Principal Component Analysis¶

This is the idea of Principal Component Analysis: to preserve as much of the spread of the data by creating new variables that are linear combinations of the old variables. These new variables are called principal components (PCs). What is a linear combination? (We've actually already done this!)

For example, with our 3 variables, the equation for the first principal component would look like:

$$PC_1 = c_1x + c_2y + c_3z$$

The coefficients are calculated via the magic of linear algebra.

PCA actually produces one new variable (one PC) for each old variable, but they decrease in importance - by importance we mean the amount of variation they capture. The first principal component will always capture the most variation. We reduce dimensionality by choosing only the first two (or three) of these to represent the original data.

The Principal Components aren't generally something that you can really interpret the meaning of. You've basically just rotated your data around (with some stretching and shrinking) and are looking at it in a new coordinate system, but the new coordinates themselves aren't readily interpretable.

Code-wise, doing the PCA is very straightforward:

In [36]:
import pandas as pd
import numpy as np
import matplotlib.pyplot as plt
import seaborn as sns
In [37]:
tiny = pd.read_csv('./data/small_data.csv')
tiny.head()
Out[37]:
a b c
0 119 135 -62
1 81 88 -82
2 90 102 -48
3 54 63 -29
4 62 17 -32
In [38]:
from sklearn.decomposition import PCA
In [40]:
pca = PCA()
tiny_pca = pca.fit_transform(tiny)
In [41]:
tiny_pca[0:10]
Out[41]:
array([[ 6.14032156e+01,  3.16423093e+01, -4.43025543e-01],
       [ 2.01293002e+01, -1.68266900e+01,  2.60236216e-02],
       [ 1.65982819e+01,  2.08508471e+01,  9.93031235e-01],
       [-3.86598136e+01,  9.71022839e+00,  1.64838510e+00],
       [-6.02561592e+01, -1.11236474e+01,  3.75447287e+01],
       [-1.15706866e+02, -6.12707652e+00,  2.58627446e-01],
       [-2.25385121e+01, -1.46023649e+01,  1.61037712e+00],
       [ 2.00461034e+01, -1.76164975e+01, -3.63037932e+00],
       [-1.04829674e+02, -7.75746944e+00,  8.98138273e-02],
       [ 1.19699002e+02, -2.46314353e+01, -1.37415842e+00]])
In [42]:
plt.scatter(tiny_pca[:,0], tiny_pca[:,1])
plt.xlabel('$PC_1$', fontsize = 14)
plt.ylabel('$PC_2$', fontsize = 14)
plt.show()

Remember that the goal was to capture the original variation in fewer variables.
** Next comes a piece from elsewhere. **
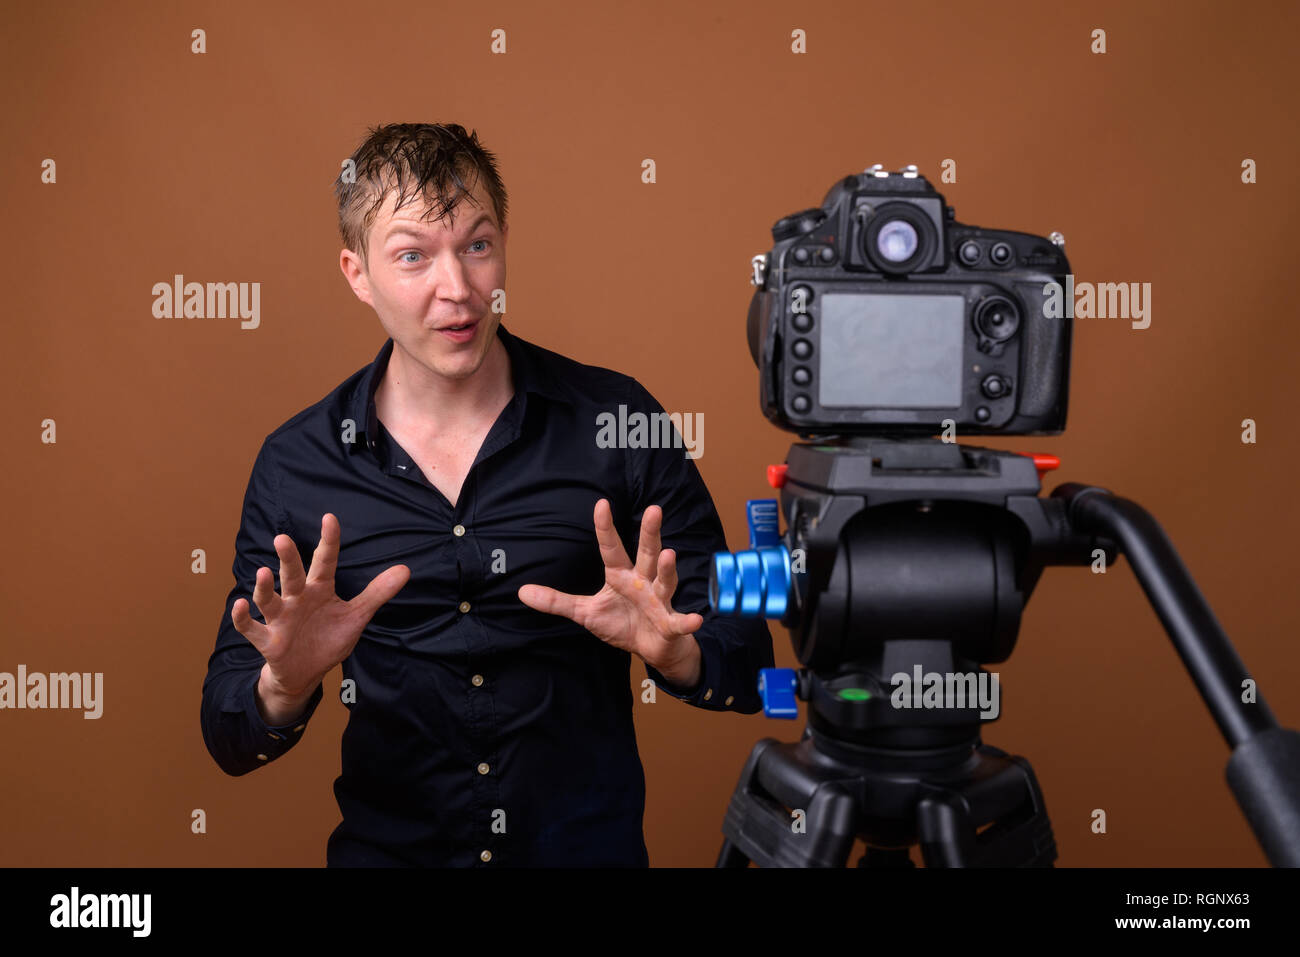 Homme heureux influenceur vlogging avec votre appareil photo reflex numérique en studio Banque D'Images

Here's the variance explained by our 3 original variables:

In [44]:
tiny.var().sum()
Out[44]:
5184.609191919192
In [45]:
tiny.cov()
Out[45]:
a b c
a 1806.250909 1732.884646 -1371.780606
b 1732.884646 1859.835455 -1340.478384
c -1371.780606 -1340.478384 1518.522828
In [47]:
tiny.corr()
Out[47]:
a b c
a 1.000000 0.945460 -0.828295
b 0.945460 1.000000 -0.797649
c -0.828295 -0.797649 1.000000
In [23]:
sum(tiny.var())
Out[23]:
5184.609191919192

Variance explained by our PCs:

In [49]:
pca.explained_variance_
Out[49]:
array([4716.223442  ,  372.2014575 ,   96.18429243])
In [50]:
sum(pca.explained_variance_)
Out[50]:
5184.609191919192

The total variance is the same, but it is divided up between the variables differently.

In [51]:
tiny_evr = pca.explained_variance_ratio_
print(tiny_evr)
[0.90965843 0.07178968 0.01855189]
In [52]:
plt.bar(range(1, len(tiny_evr)+1), tiny_evr*100, fill = True)
plt.ylabel('Percentage of total \nvariance explained', fontsize=14)
plt.xticks([1,2,3], ['PC1','PC2','PC3'])
plt.tick_params(labelsize = 12)
plt.grid(axis = 'y', linestyle = '--')
ax = plt.gca()
[ax.spines[i].set_visible(False) for i in ['top','left','right']]
plt.show()

How many PCs do we need in order to explain 90% of the variation?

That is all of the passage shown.